1. It is a self-executing provision.
1. Since the Constitution is the fundamental, paramount and supreme law of the nation, it is
deemed written in every statute and contract. A provision which lays down a general principle,
such as those found in Art. II of the 1987 Constitution, is usually not self-executing. But a
provision which is complete in itself and becomes operative without the aid of supplementary
or enabling legislation, or that which supplies sufficient rule by means of which the right it
grants may be enjoyed or protected, is self-executing.
2. A constitutional provision is self-executing if the nature and extent of the right conferred and
the liability imposed are fixed by the constitution itself, so that they can be determined by an
examination and construction of its terms, and there is no language indicating that the subject is
referred to the legislature for action. Unless it is expressly provided that a legislative act is
necessary to enforce a constitutional mandate, the presumption now is that all provisions of the
constitution are self-executing. If the constitutional provisions are treated as requiring
legislation instead of self-executing, the legislature would have the power to ignore and
practically nullify the mandate of the fundamental law.
3. 10, second par., Art. XII of the 1987 Constitution is a mandatory, positive command which is
complete in itself and which needs no further guidelines or implementing laws or rules for its
enforcement. From its very words the provision does not require any legislation to put it in
operation. It is per sejudicially enforceable. When our Constitution mandates that in the grant of
rights, privileges, and concessions covering national economy and patrimony, the State shall
give preference to qualified Filipinos, it means just that – qualified Filipinos shall be preferred.

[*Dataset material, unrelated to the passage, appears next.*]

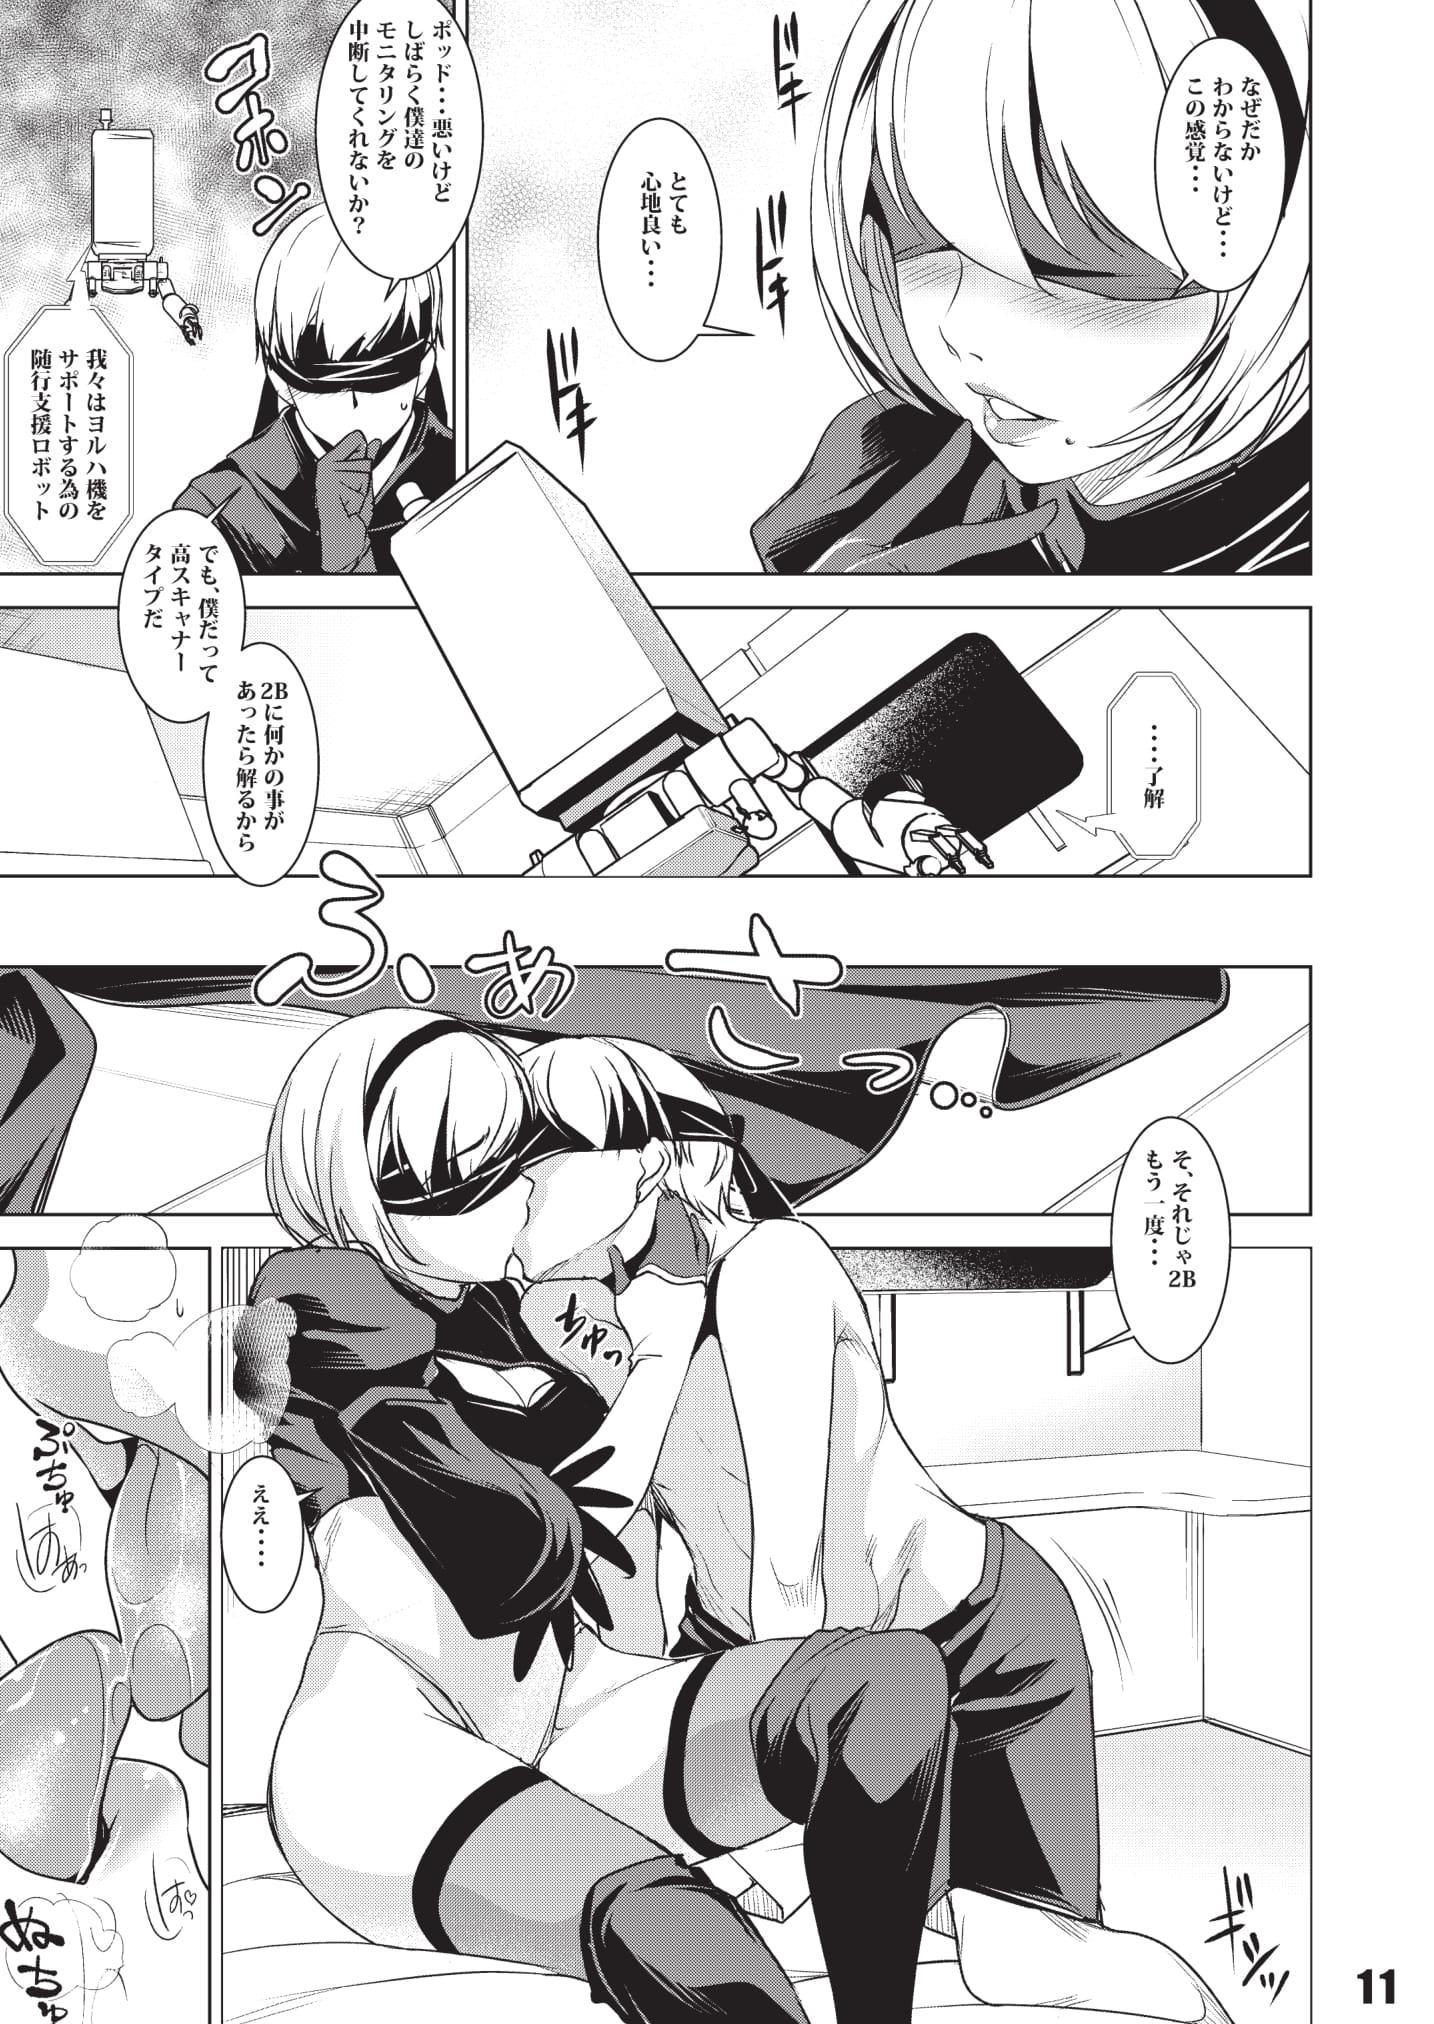 【エロ同人誌 ニーアオートマタ】初めてアダルトビデオをみて人類の性行為に興味をもった巨乳お姉さんの2B。【灰色工房 エロ漫画】 (10)

And when our Constitution declares that a right exists in certain specified circumstances an
action may be maintained to enforce such right notwithstanding the absence of any legislation
on the subject; consequently, if there is no statute especially enacted to enforce such
constitutional right, such right enforces itself by its own inherent potency and puissance, and
from which all legislations must take their bearings. Where there is a right there is a
remedy. Ubi jus ibi remedium.
2. The Court agree.
1. In its plain and ordinary meaning, the term patrimony pertains to heritage. When the
Constitution speaks of national patrimony, it refers not only to the natural resources of the
Philippines, as the Constitution could have very well used the term natural resources, but also
to the cultural heritage of the Filipinos.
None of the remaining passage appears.